Last semester, 28 USG Senate seats were left vacant across all four campuses at the end of USG elections – three for USG Tempe, eight for USG Downtown, six for USG West and 11 for USG Polytechnic. Those numbers increased over the summer with four USGT elected senators leaving, bringing the total to 32 vacancies at the start of the fall semester.
Marco Huerta, the senate president for USGT and a senior studying political science, said seats tend to open up over the summer as newly elected senators realize the commitments of serving.
"Senators are asked to keep their Tuesday nights clear because we have our second sessions every other Tuesday at 6 p.m., and if they're scheduled for a class Tuesdays at that hour, then they can't attend the Senate session (and) they can't, therefore, represent their college as we conduct our business," Huerta said.
USGD has changed their meeting time from Friday to Tuesday afternoons in order to make their meetings more accessible to senators and encourage students to apply for vacancies, according to Dane Van Wagenen, the USGD senate president and a sophomore studying medical studies.
Until vacancies are filled, the Senate will only count the number of filled seats when considering Senate rules in order to ensure business can still be done, Huerta said.
According to USG bylaws, vacant Senate seats at the beginning of an academic year can be filled by a college council nomination instead of by an election. Interested candidates are only required to submit an application and interview with college councils and other USG leaders in order to be nominated.

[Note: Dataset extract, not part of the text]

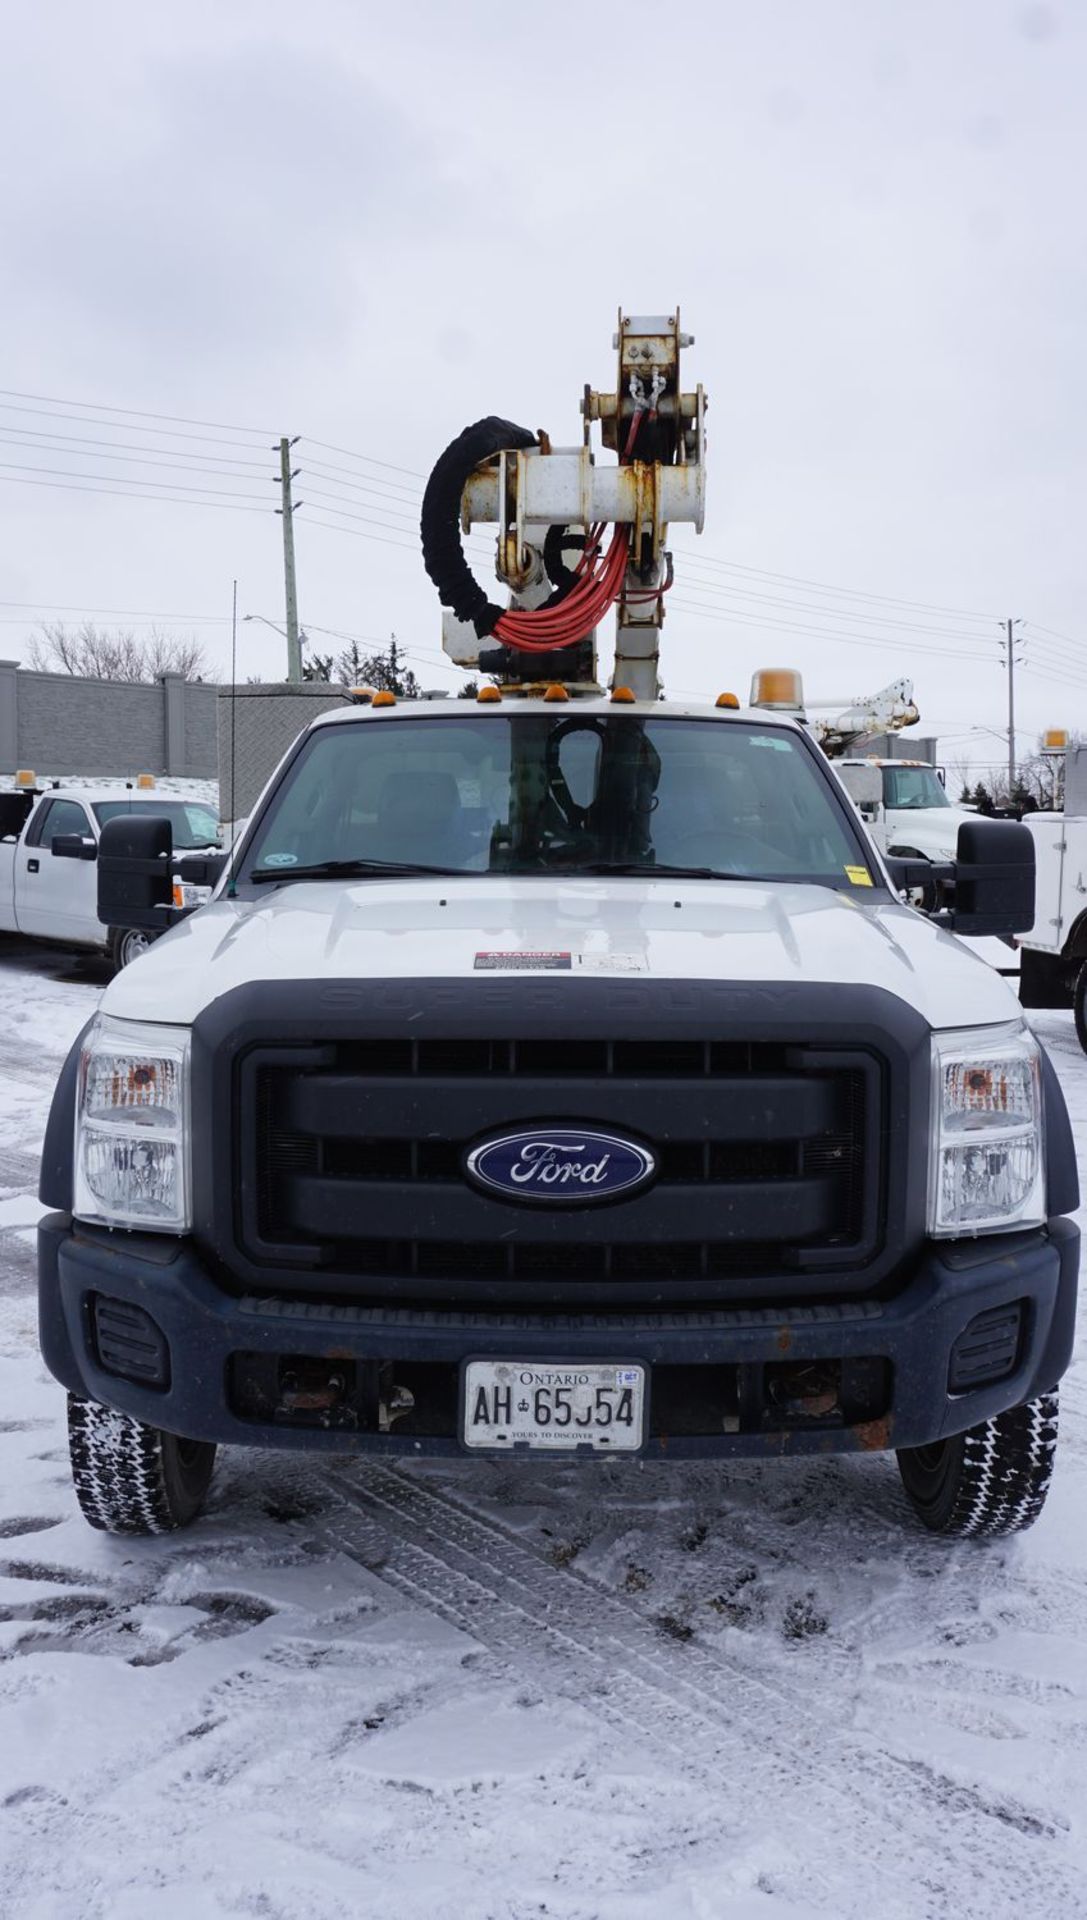 2014 ALTEC AT37G ARTICULATING TELESCOPIC BOOM & BUCKET MOUNTED ON 2014 FORD F550XL SUPER DUTY 4X4 - Image 3 of 16

For smaller campuses like West, Senate vacancies can go an entire year without being filled, said Elizabeth Chilton, USGW President.
"We typically go most of the year with a few vacancies that we try to fill as often as possible," said Chilton, a junior studying business. "However, we're hoping that we'll see less of that this year because there's going to be so many people wanting to participate and get that college experience."
The Senate can still operate with these vacant seats, according to Chilton, but colleges with vacancies have less representation since no, or fewer, senators are able to meet with the college's dean to address specific issues.
USG has historically faced vacancies following elections. After 2020's misallocation of seats and mishandled executive race, there were 23 vacancies left after elections had finally ended at the end of May, a month into summer. In 2019, vacancies across all four campuses plagued multiple colleges.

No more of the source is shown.